Três prefeitos e um ex-senador pelo Pará foram condenados na última semana pela Justiça Federal do estado por desvio de recursos públicos, em ações apresentadas pelo Ministério Público Federal (MPF). Todos serão obrigados a devolver os valores à União.

O ex-senador Luiz Otávio de Oliveira Campos (PMDB-PA) e outros seis ex-integrantes do grupo Rodomar, acusados pelo desvio de 12 milhões de reais em recursos da Agência Especial de Financiamento Industrial (Finame), foram condenados a 12 anos de prisão cada, em regime fechado e multa.

Há 20 anos, o grupo viabilizou o empréstimo para construir balsas, mas nunca realizou a obra.

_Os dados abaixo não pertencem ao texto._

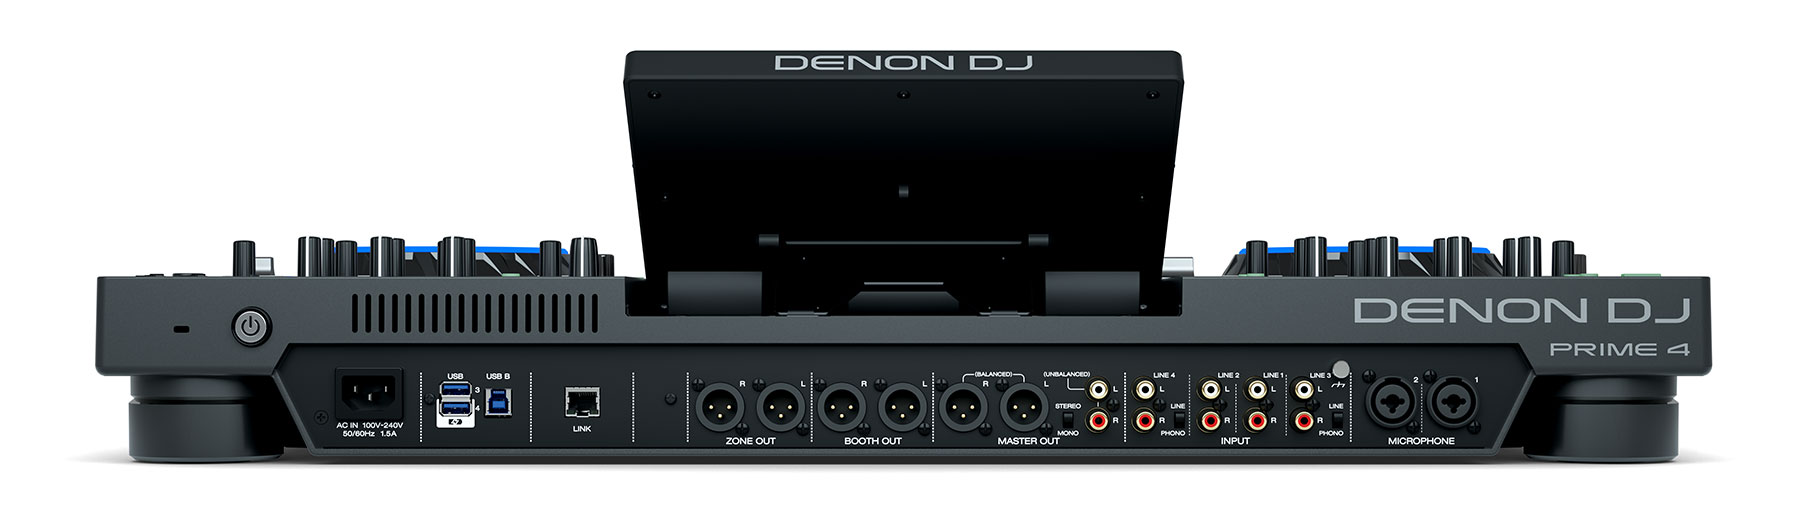 Denon DJ Prime 4 Zone Output

Em São Sebastião da Boa Vista, os ex-prefeitos Benedito Odival Oliveira Gomes e Violeta de Monfredo Borges Guimarães receberam punições por desvios no Fundo de Manutenção e Desenvolvimento do Ensino Fundamental e de Valorização do Magistério (Fundef).

Como Gomes, acusado de improbidade administrativa, faleceu, seus herdeiros ficam obrigados a devolver 1,8 milhão de reais e correção monetária aos cofres públicos. Já Guimarães e outros quatro ex-integrantes da comissão de licitação do município deverão ressarcir em 1,5 milhão à União, além de juros e correção monetária.

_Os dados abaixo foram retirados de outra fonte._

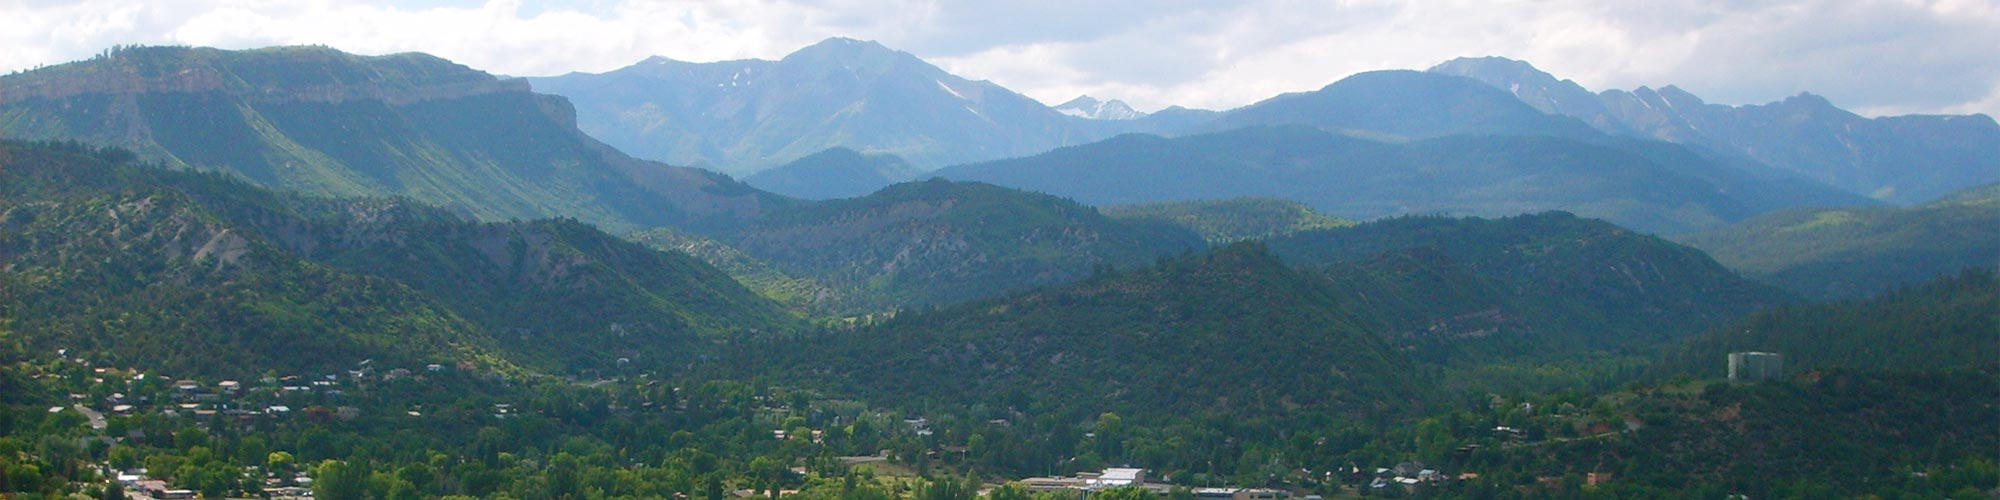 Health Services in Durango, Colorado

Os acusados foram multados em 100 mil reais cada e perderam os direitos políticos por dez anos.

Em Ponta de Pedras, a ação do MPF culminou na condenação a seis anos de reclusão do ex-prefeito Bernardino de Jesus Ferreira Ribeiro, acusado de desviar 37 mil reais de um convênio entre o município e o Ministério do Meio Ambiente. Além dele, o engenheiro Nelson Lopes da Silva Chaves, que segundo o Ministério Público ajudou a falsificar documentos e recibos, recebeu pena de cinco anos de reclusão.

Ambos não poderão exercer cargo ou função públicos por cinco anos e deverão ressarcir os cofres públicos.